Skeleton files to get you started are available in the
$TIGER/chap3/ and $TIGER/chap4/ directories, which
you can find at Appel's textbook homepage. In particular, these files
will be useful:
- tiger.grm
- Skeleton ML-Yacc file to get you started
- parsetest.sml
- Test driver
- parse.sml
- Top-level test driver code
- absyn.sml
- AST datatypes
- symbol.sml
- Support library providing symbols
- table.sml, table.sig
- Support library providing tables
- prabsyn.sml
- Useful library for printing ASTs
Remember to update your sources.cm file. Be certain to add
ml-yacc-lib.cm to it if you haven't already, in addition to
any other new files you are using. You'll want to remove
tokens.sml from it, because a tokens file will be
automatically generated by ML-Yacc now. Also, you'll need to update
some header information in your lex file—see the end of Chapter
3 for details.
You should submit:
- A tiger.grm file, the ML-Yacc source for your parser.

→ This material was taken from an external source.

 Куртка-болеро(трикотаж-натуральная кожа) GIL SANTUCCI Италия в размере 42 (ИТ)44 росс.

- Any other source files you wrote to support your parser.
- A text file describing:
- The members of your team,
- How you handled each shift-reduce conflict, and why you think it
is correct, and
- Anything you think is of interest about your parser.
Anything subtle about your grammar, such as ambiguity resolutions of
various kinds, should be clearly commented. You knew that, of course.

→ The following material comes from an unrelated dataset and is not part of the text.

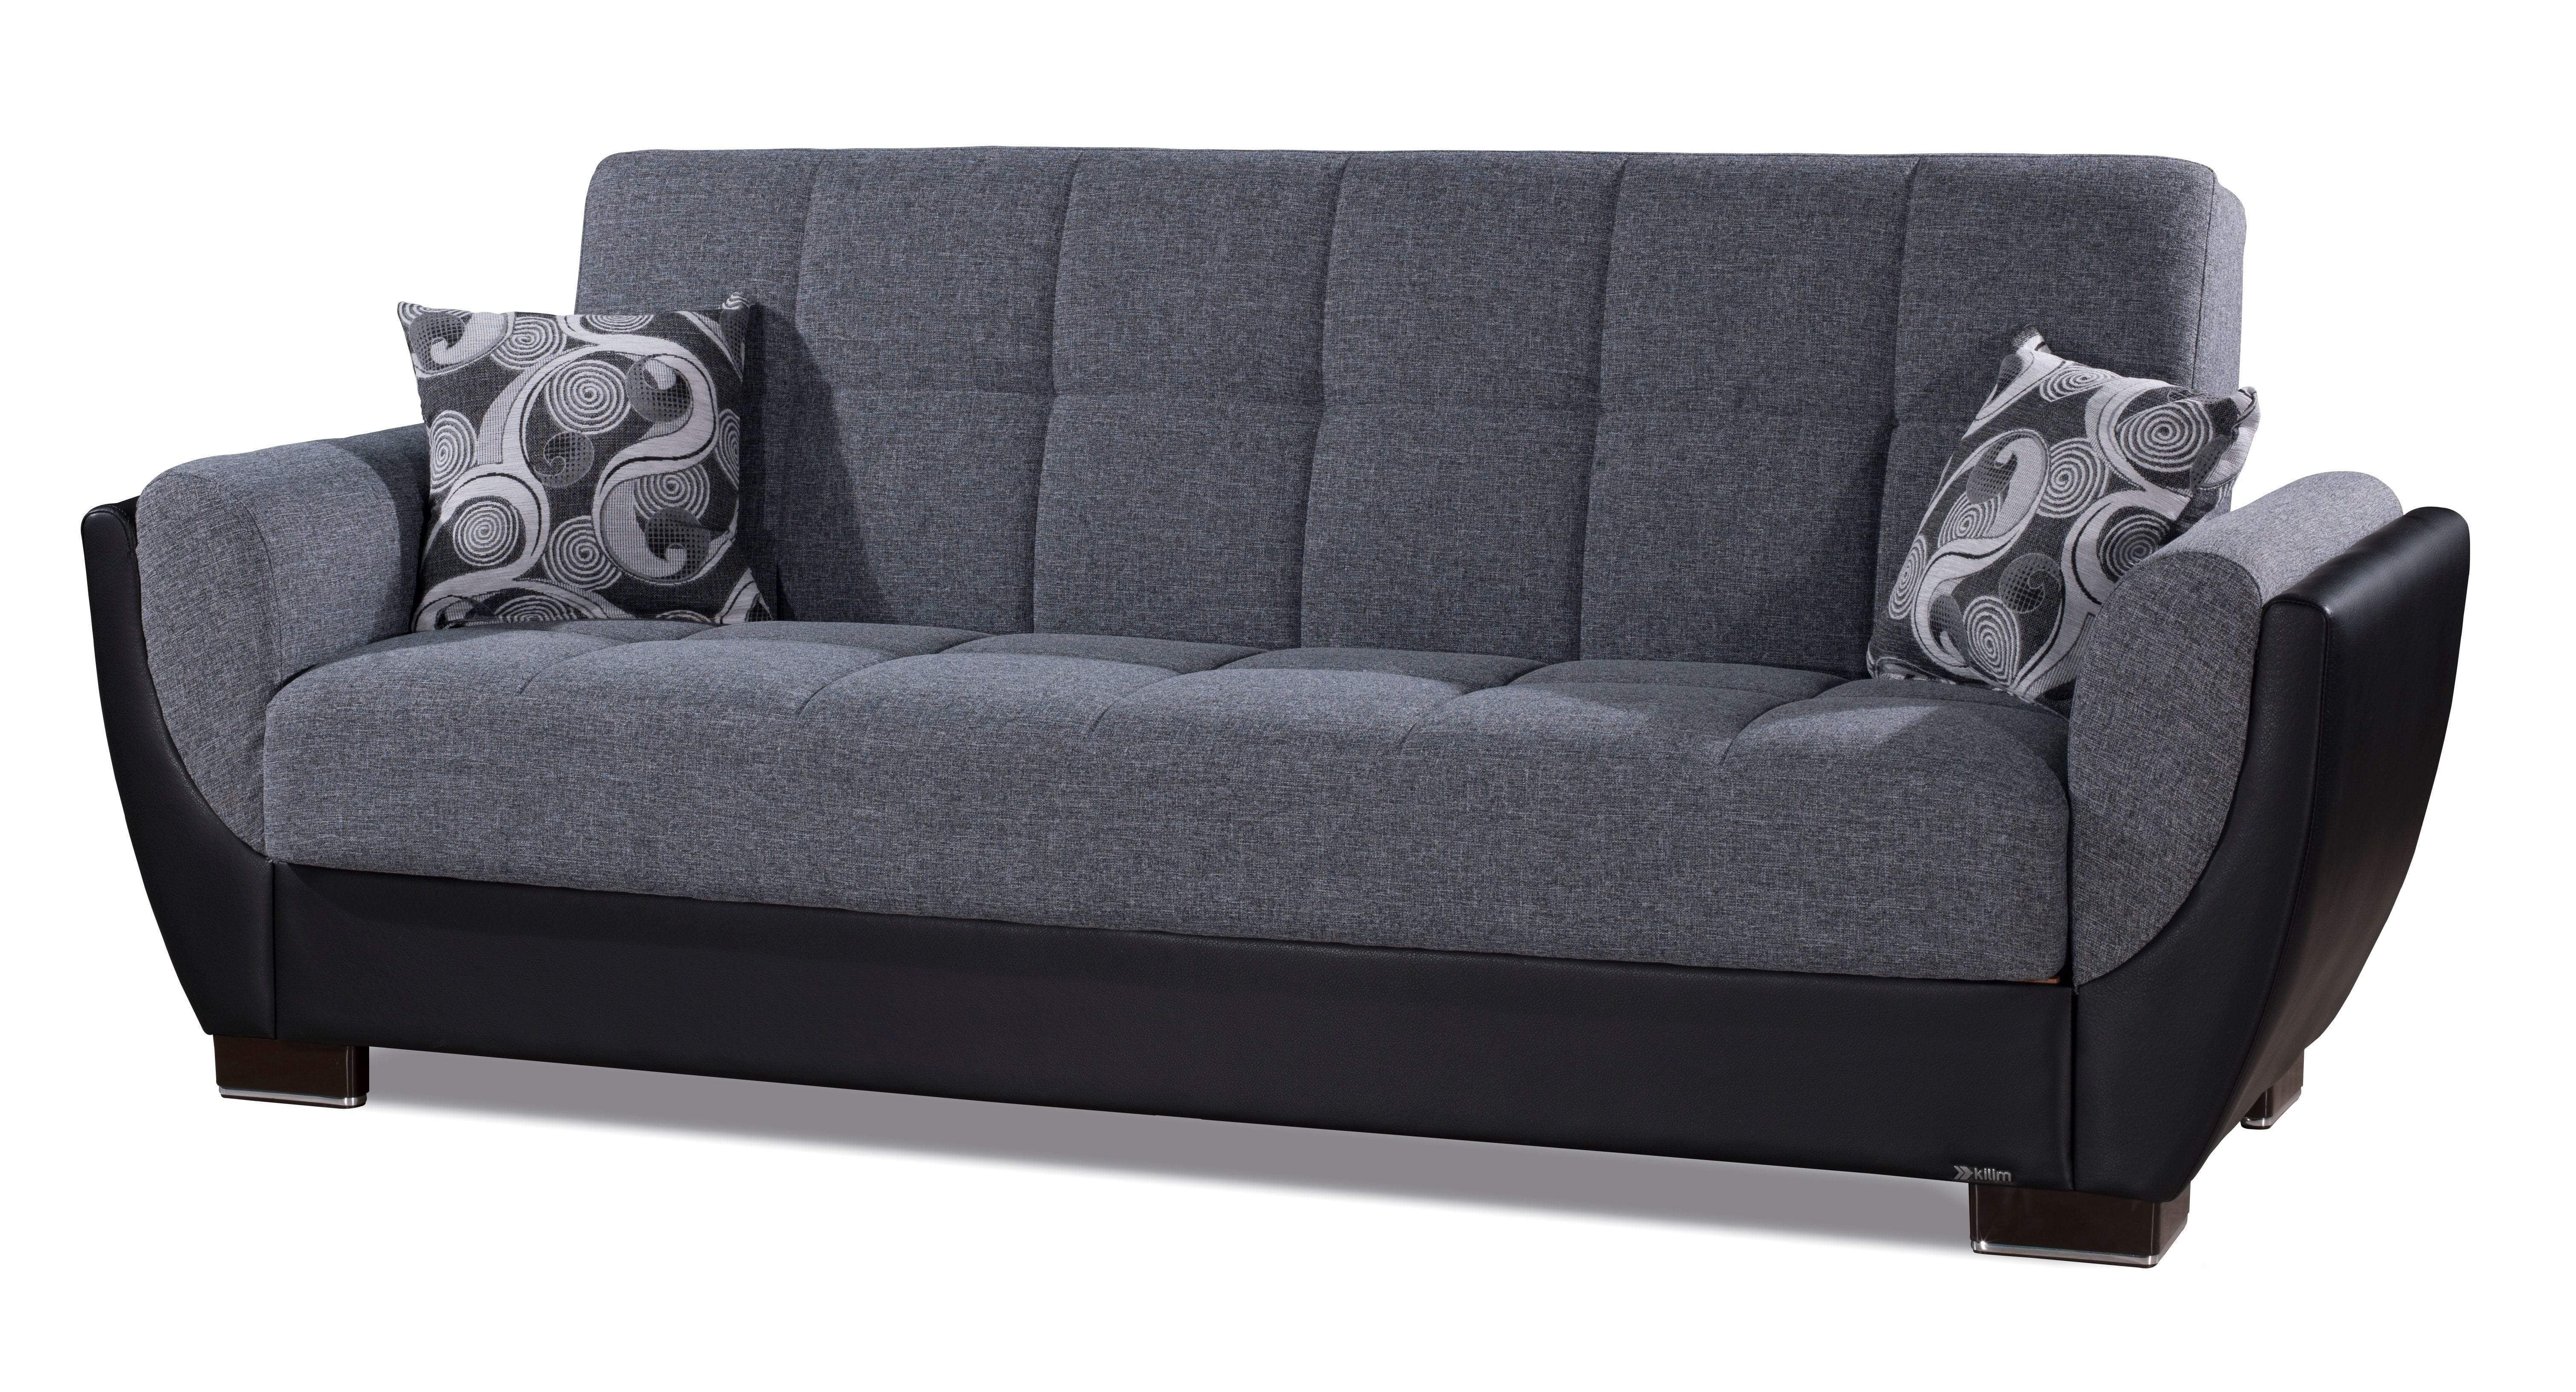 european sofa bed with storage toronto

Your parser should use the same error-reporting machinery you employ in
your lexer.
Some advice:
- Make no attempt to write the ML code for the semantic actions that
construct the AST when you start. Your first task should be to simply
write the grammar to parse the concrete syntax; just have each rule
produce the unit value
()
.
- Once your grammar is able to parse all of the test files in
$TIGER/testcases, then add semantic actions to the grammar to
construct the AST while parsing tiger source code.
- I estimate writing the grammar was about 2/3 of the time I spent
writing the parser; adding the semantic actions was about 1/3 of the
work.
- You may find it helpful to write tiny toy grammars to explore
ideas.
- If you don't understand how shift/reduce parsers work, and can't
figure out the table information left in the
tiger.grm.desc file by ML-Yacc, you are going to be in a
world of pain.
- Be warned that there are some grammatically tricky bits to the grammar
that will require some thinking. It may help to
think more and hack less.
- Is your LR parser efficiently parsing lists of arbitrary length (e.g.,
declarations, or expression sequences)?
- Did you report the locations of syntax errors properly?
See the course text for more information, in particular Chapters 3 and
4 and Appendix A.
Good luck and have fun.
Last updated 18 February 2008.